With this rich coordination of Imaginary, Symbolic, and Real, games such as Red Dead Redemption are not simply won or lost. They may be played with any number of aims, such as to kill as many enemies as possible using only a double-barreled shotgun while riding on a stagecoach. Again, at this level of analysis, these are not only Imaginary, in-game achievements, but things the player has achieved. This is not to say that the player has actually killed anyone, but rather that the player has truly accomplished certain game goals, such as terminating virtual foes. Many of these real achievements are now tracked through out-of-game services such as Xbox Live, PlayStation Network, and the Rockstar Social Club, where video gamers can access metadata about their play statistics and compare themselves to friends and other players around the world.

On the other hand, there need not be such clear and copious feedback. Consider the less action-oriented, more narrative-centered Heavy Rain (Quantic Dream 2010). This game is more of an interactive story that does not clearly indicate a score or even the player's health meter, though player characters can take damage, die, and, unlike fighting games, not re-spawn, creating dramatic turns in the story. In fact, in Heavy Rain the only Imaginary indication of what is happening at the Real level of the Symbolic is indicated through changes in the narrative.

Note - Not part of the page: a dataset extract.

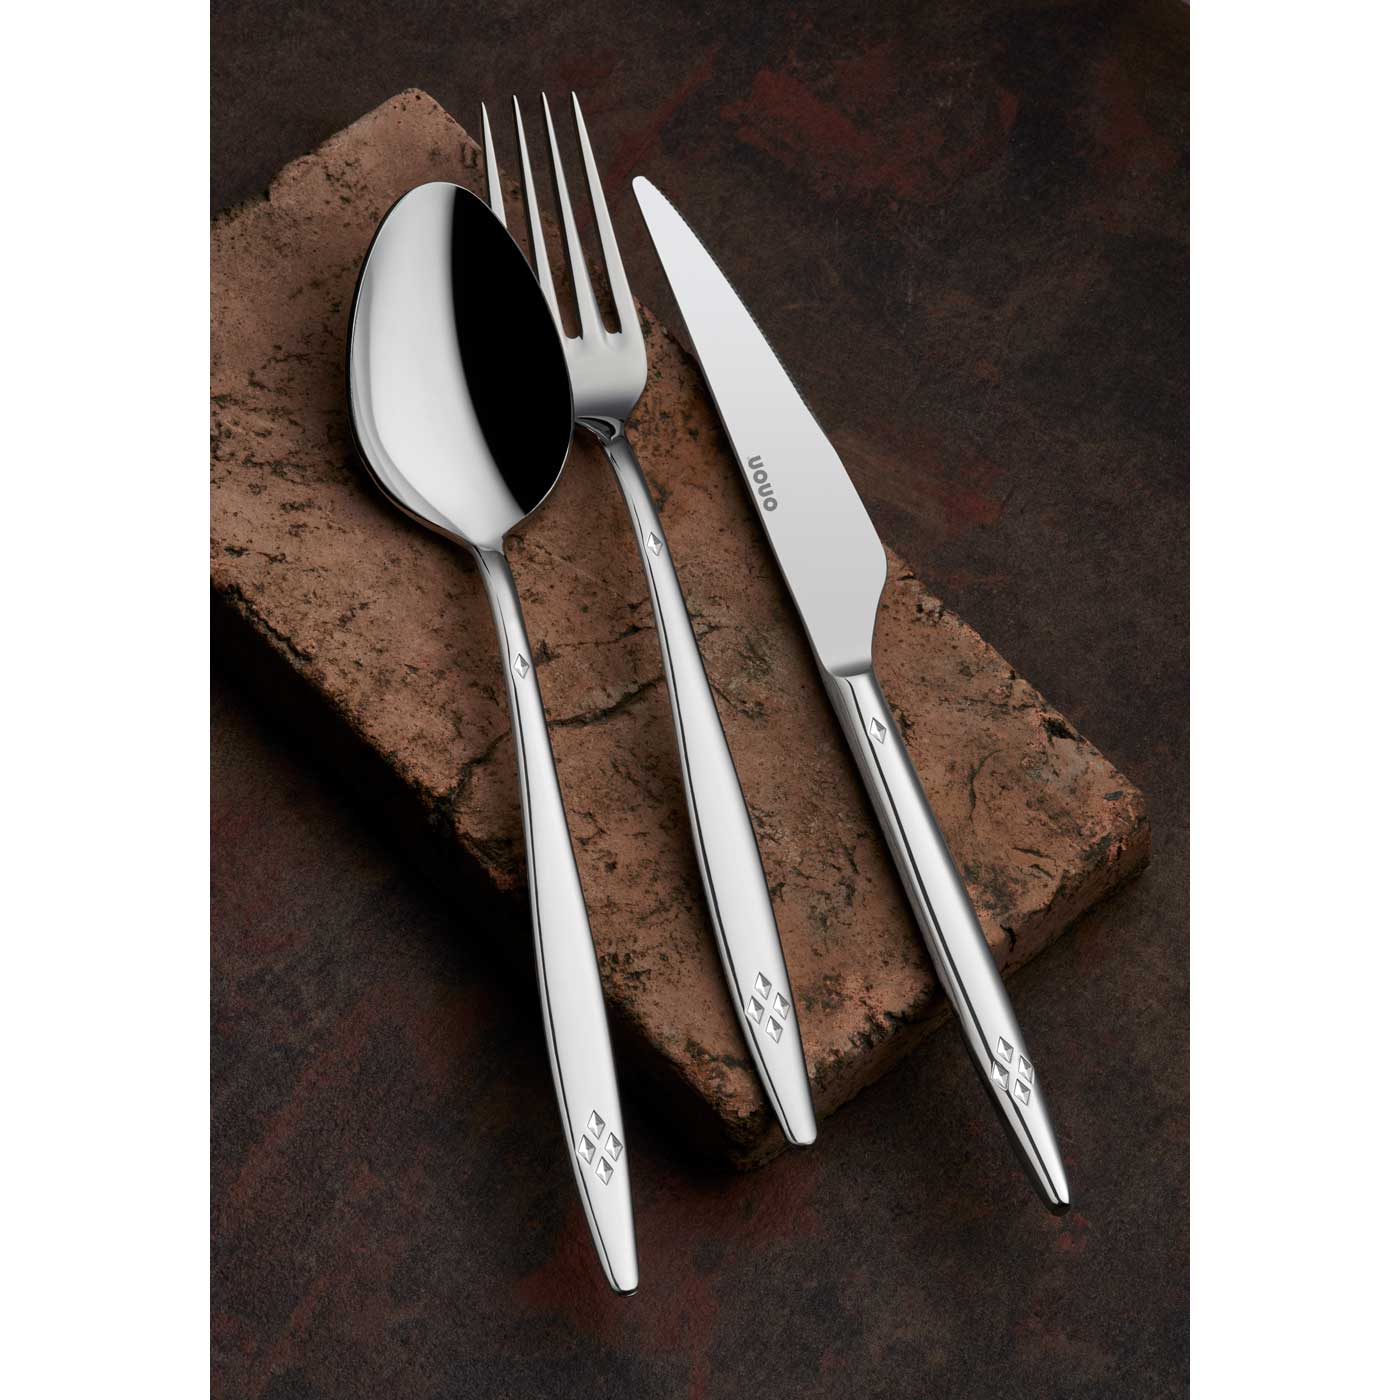 ONON Mira Sade 12 Adet Yemek Çatalı 2

Whereas dense statistical feedback may motivate players of Red Dead Redemption, it is the ambiguity between narrative progress and input that makes Heavy Rain compellingly innovative.


The Other Locus of Play

The last part of the knot to be addressed is the center, a, or, as it has been explained, the "stain" leftover by the screening apparatus. Because disavowal of the apparatus is an absolute requirement for entering the magic circle of screen games, the trace of this fundamental rejection cannot be regarded as exterior to the game world. Failure to reconcile (or fully knot) wares, rules, and representations manifests in encounters with the object a, or, in more Freudian terms, returns of the repressed.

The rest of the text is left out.